Avec l'exemple de la mairie de Montauban, il est facile de noter les nombreuses annonces de réalisations « vertes » de la part de la droite (avec pour symbole le Grenelle de l'environnement). Pour Martine Billard il faut prendre au sérieux la démarche : si on nous pique les idées c'est très bien car nous pouvons d'autant mieux en passer par la phase suivante, faire en sorte que les réalisations « vertes » entrent dans un projet plus globalement vert. A présent, toutes les formations politiques mettent du vert dans leurs propositions ce qui peut conduire l'écologie politique à s'en tenir à la revendication environnementaliste qui avance. Or c'est justement la preuve qu'il faut passer à la phase suivante : l'articulation du social et de l'écologique.

Les mesures vertes confortent la confusion qui gagne du terrain entre gauche et droite, car elles se répartissent dans les diverses formations avec parfois des avances non négligeables pour la droite plus décidée à bousculer le système qu'un PS plus prêt à la gérer à l'ancienne.


Conclusions politiques


Vu qu'on n'était ni dans une réunion d'experts, ni dans une réunion d'association, il était important de conclure par un point politique. La députée pense depuis longtemps qu'il faut avancer vers une force politique à gauche entre le NPA et le PS. Le PCF, les Verts, les Alternatif, le PG, aucune de ces forces ne peut représenter l'éventail en question.

Membre des Verts, elle pense donc qu'il faut aller au-delà sur la base d'une analyse du PS et de l'UMP qui fait que le PS n'arrive pas à se présenter comme alternative à Sarkozy faute d'ailleurs de comprendre le fond de la politique actuelle.

En y regardant de près, ce projet n'est rien d'autre, à l'échelle nationale, que le projet lancé en 2004 par l'AMP dans notre région, avec les difficultés rencontrés pour le faire vivre.

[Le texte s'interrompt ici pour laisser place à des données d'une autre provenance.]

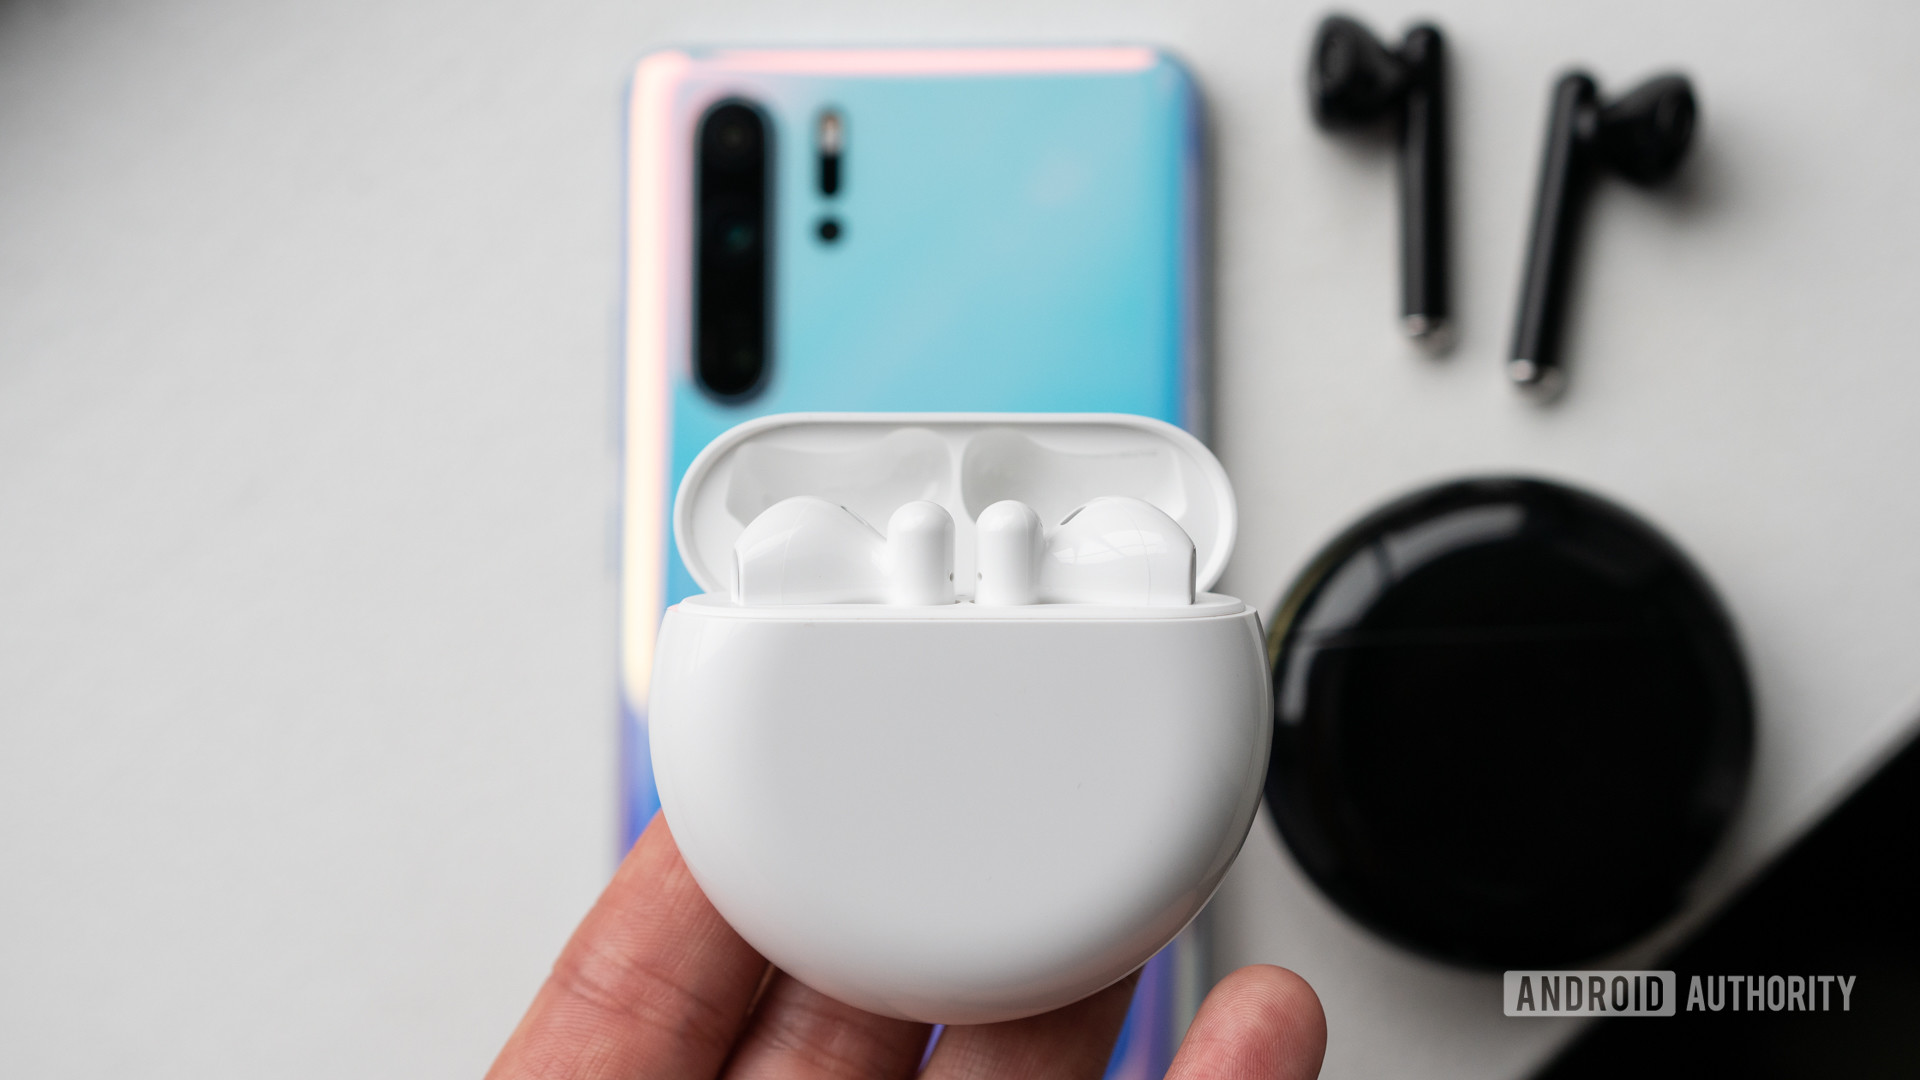 White Huawei Freebuds 3 in its charging case pictured alongside P30 Pro and the black color

Pour la députée, le combat politique fait face à deux impasses : celle du « grand soir » (quand le capitalisme sera battu alors on va changer le monde) et celle du « petit matin » ai-je envie d'écrire : que chacun change son comportement et déjà le monde change.

Il faut donc une force organisée avec à la fois un projet global et des actions au quotidien.

Au quotidien, la naissance des AMAP a été rappelée comme moyen d'échapper au monde marchand traditionnel. Comment articuler à « gauche » depuis des années, cette action concrète et le projet global ? Tout est là.


Commentaire personnel et perspective avec les régionales


J'ai réellement apprécié à la fois la qualité d'écoute de Martine Billard et ses prises de position que je découvrais pour la première fois. Voici à présent un complément « électoraliste ».

Electoralement, je note: le rendez-vous des élections européennes est raté pas parce que il existe des listes différentes mais parce que les regroupements restent trompeurs. L'idée de départ de Mélenchon, aller du NPA au MRC, était erronée car le NPA a une stratégie propre qui n'est pas celle d'une force à rassembler entre lui et le PS. Toute confusion autour du mot unité fait reculer l'unité !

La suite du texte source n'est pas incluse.